Date: 2008-09-21 08:24 pm (UTC)
ext_27060: Sumer is icomen in; llude sing cucu! (Default)
From: [identity profile] rymenhild.livejournal.com
I actually haven't been able to get past the first three chapters of Walton's First Branch. I'm not sure what stopped me, although it might have been a tone of pervasive despair that I wasn't in the mood to deal with when I was trying to read it.

Do you recommend Walton?

Date: 2008-09-21 08:45 pm (UTC)
From: [identity profile] just-ruth.livejournal.com
I've been reading and enjoying her quadrology since I discovered it in 1978. The only book I have trouble reading through is "the Children of Llyr" because the ending is so horrible.

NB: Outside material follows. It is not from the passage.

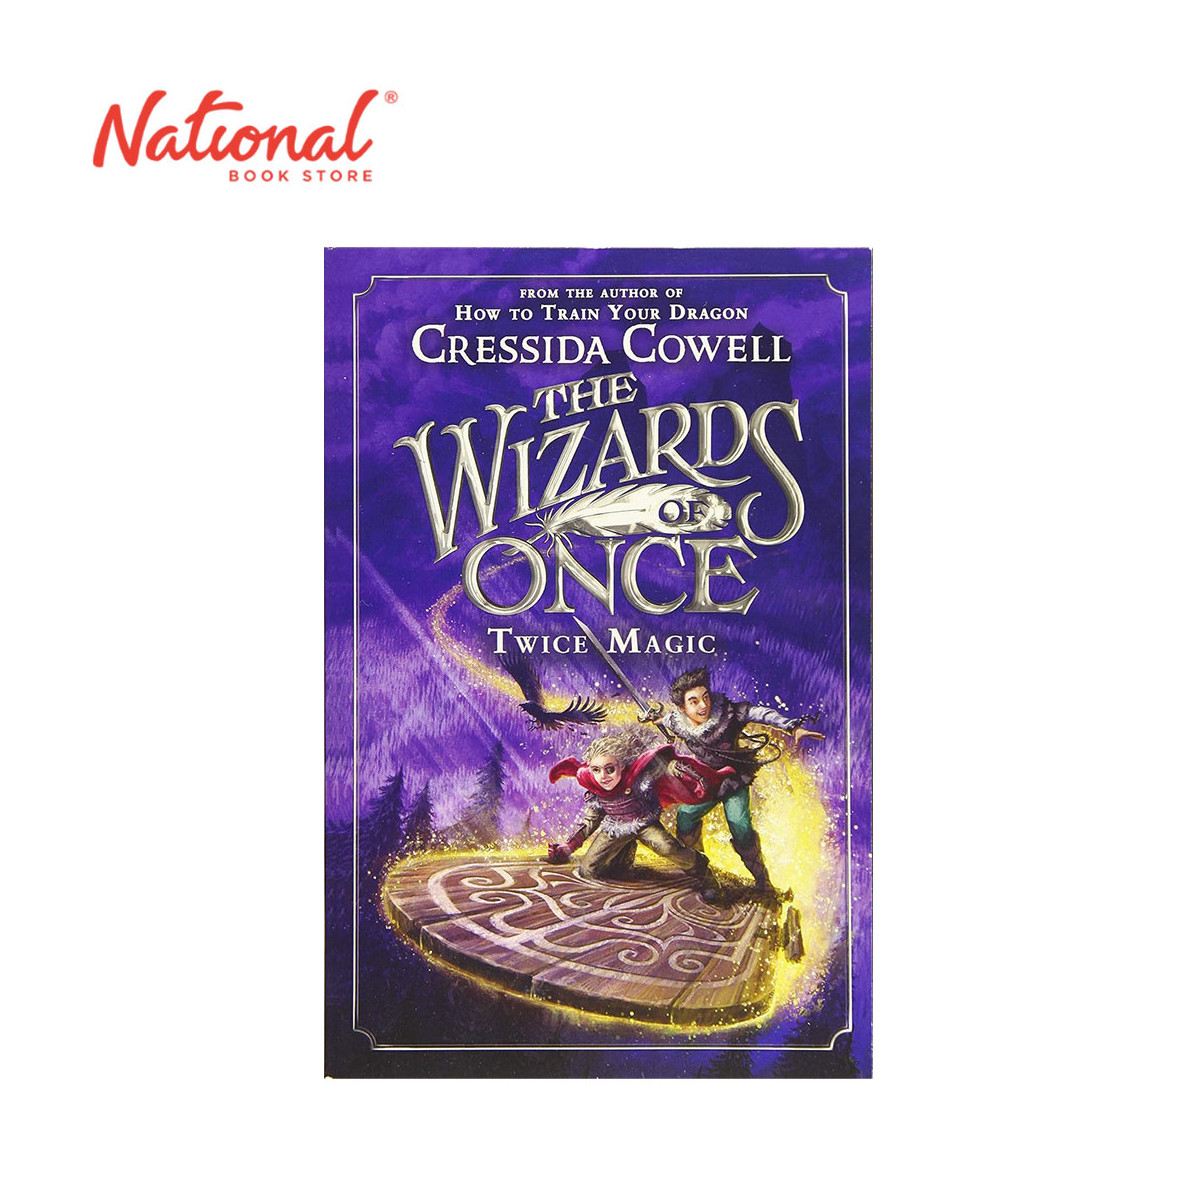 The Wizards Of Once: Twice Magic 2 By Cressida Cowell - Trade Paperback - Children's Fiction
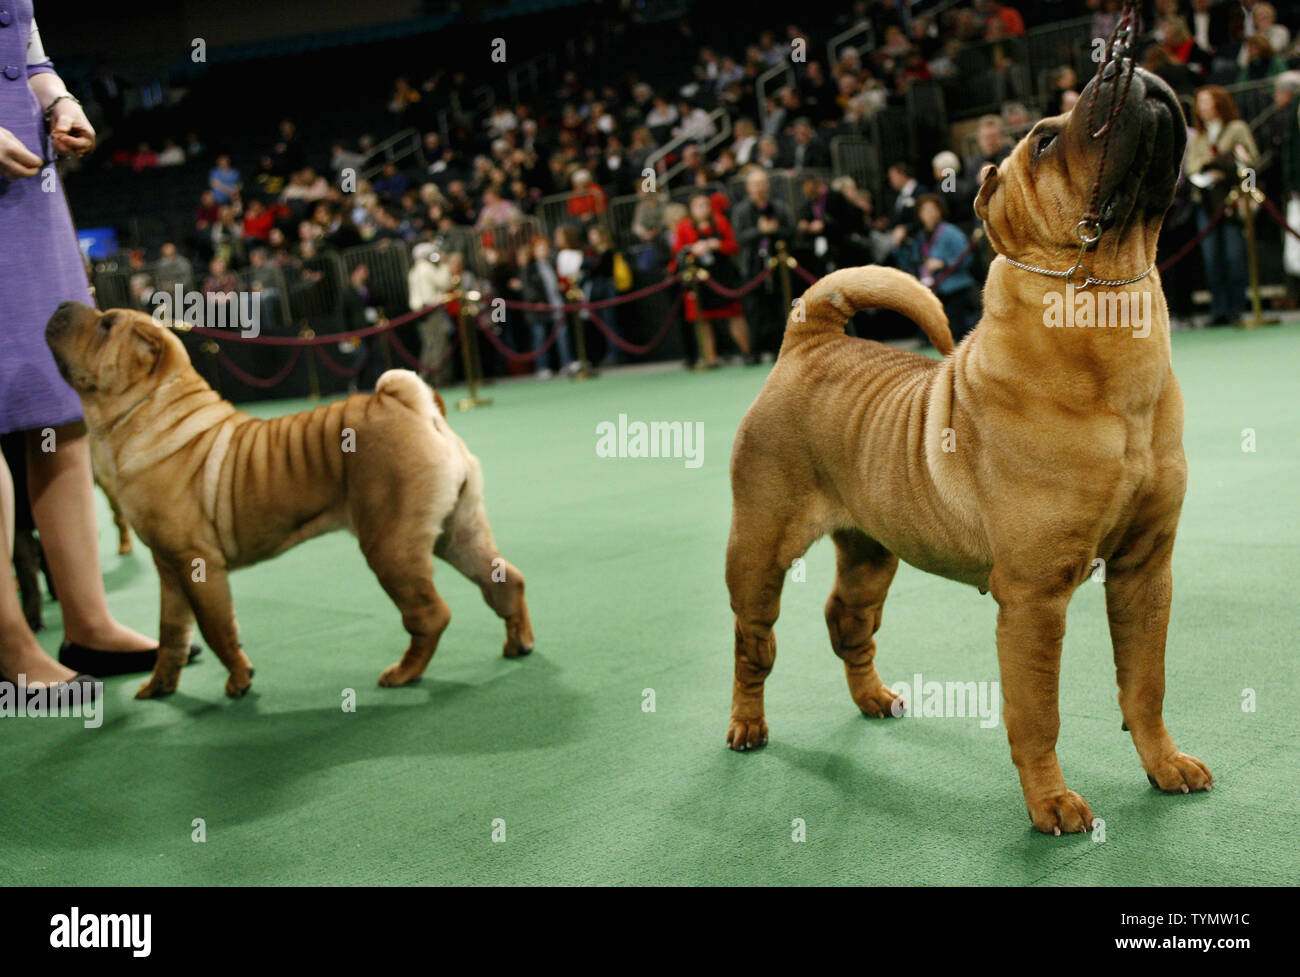 Chinese Shar Peis Are Shown At The 136th Annual Westminster Kennel

I love "the Song of Rhiannon" the best, because she describes the relationship between the older Rhiannon and Manawyddian (and I'm pretty sure I didn't spell that right, but I'm not looking it up right now) in terms that as *I* got older, I find very realistic.

Her writing improves from one book to the other, and I adore her lyrical descriptions. The fourth branch is a little grating because she really makes Arianhrod into a spoilt tantrum-thrower, but on the whole I like her viewpoint of the changing society from the matriarchal to the patriachal.